Selasa 14 Jul 2020 08:02 WIB

Sudan Cabut Hukuman Mati Bagi Orang Murtad

Hukuman bagi orang murtad di Sudan dicabut.

Rep: Zahrotul Oktaviani/ Red: Muhammad Hafil
Sudan Cabut Hukuman Mati bagi Orang Murtad. Foto:  Tiang gantungan hukuman mati. Ilustrasi
Foto: .
Sudan Cabut Hukuman Mati bagi Orang Murtad. Foto: Tiang gantungan hukuman mati. Ilustrasi

REPUBLIKA.CO.ID, KHARTUM -- Sudan telah menyetujui amandemen hukum pidana yang luas. Termasuk di dalamnya, mencabut hukuman mati karena murtad dan mengizinkan orang non-Muslim untuk minum alkohol.

Hukuman cambuk di depan umum juga akan dicabut. Perempuan Sudan tidak lagi harus membutuhkan izin dari anggota keluarga laki-laki jika ingin bepergian bersama anak-anak mereka.

Baca Juga

"Kami membatalkan Pasal 126 Hukum Pidana Sudan dan telah memastikan kebebasan beragama dan kesetaraan dalam kewarganegaraan dan aturan hukum," ujar Menteri Kehakiman Sudan, Nasredeen Abdulbari, dilansir di 5 pillars UK, Selasa (14/7).

Abdulbari menyebut, semua perubahan ini bertujuan untuk mencapai kesetaraan di depan undang-undang.  Semua pasal yang ke depannya menyebabkan segala bentuk diskriminasi, telah dihapus.

Selanjutnya, ia memastikan kepada masyarakat jika reformasi hukum akan terus dilakukan Pemerintah Sudan, sampai semua hukum yang melanggar hak asasi manusia di Sudan dihapus.

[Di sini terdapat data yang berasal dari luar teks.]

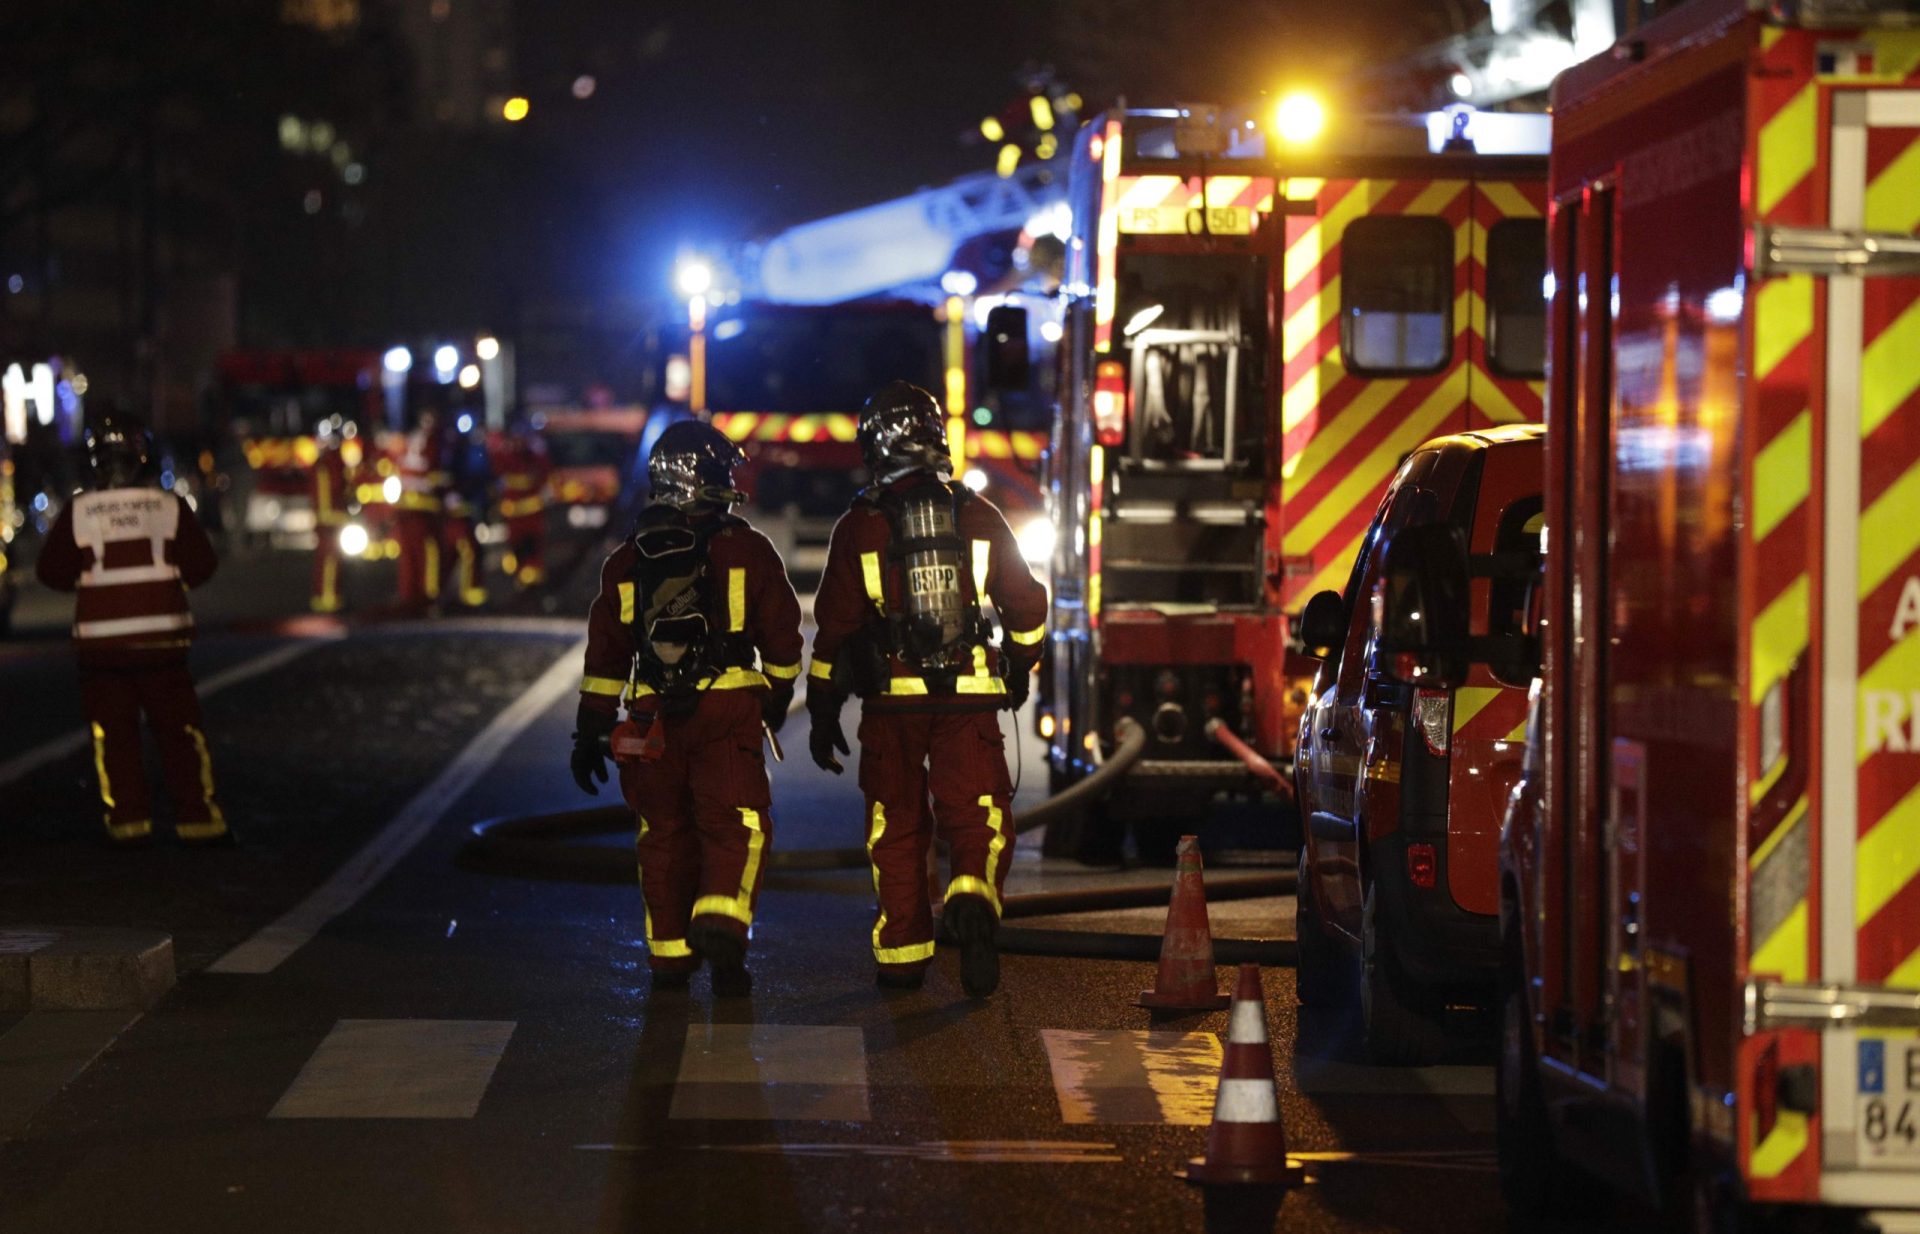 Imagens mostram explosão violenta em prédio de luxo em Paris
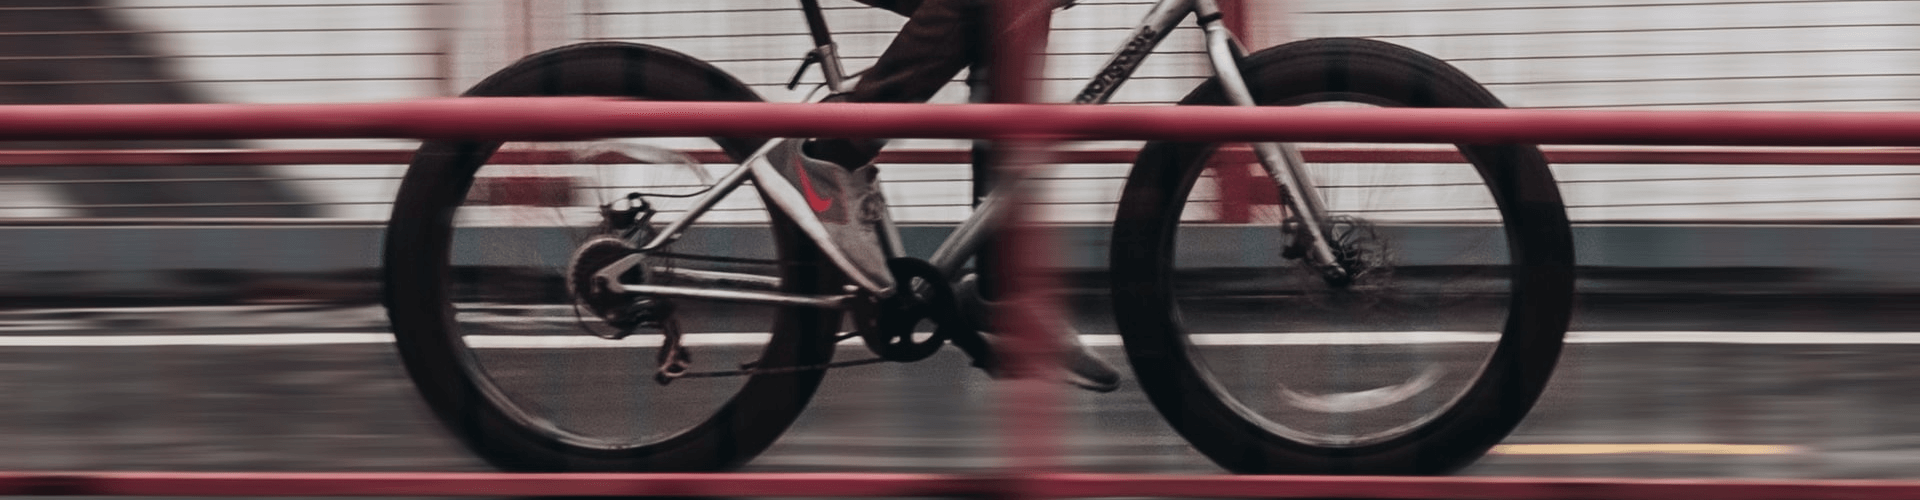 Smartengeld na aanrijding fiets | LetselPro

Undang-undang baru juga akan melarang mutilasi alat kelamin wanita (FGM). Sebuah praktik yang biasanya melibatkan penghapusan sebagian atau total alat kelamin eksternal perempuan dan anak perempuan.

"Mutilasi organ genital wanita dianggap sebagai kejahatan. Bagi siapapun yang melakukannya akan dihukum penjara hingga tiga tahun," kata Kementerian Kehakiman.

Menurut PBB, sekitar tiga persen dari populasi Sudan adalah non-Muslim. Minuman beralkohol telah dilarang peredarannya sejak mantan presiden Jaafar Nimeiri memperkenalkan hukum Islam pada tahun 1983.

Pengenalan hukum Islam Nimeiri merupakan katalisator yang signifikan untuk perang selama 22 tahun antara Muslim Sudan utara dan Sudan selatan yang sebagian besar Kristen, dan mengarah pada pemisahan Sudan Selatan pada 2011. Presiden Omar Al-Bashir memperpanjang hukum Islam setelah ia mengambil alih kekuasaan pada tahun 1989.

Pemerintahan transisi yang dipimpin oleh Abdalla Hamdok sekarang, memimpin negara itu dalam koalisi yang tidak mudah dengan militer, membantu menyingkirkan Al-Bashir setelah berbulan-bulan protes massa.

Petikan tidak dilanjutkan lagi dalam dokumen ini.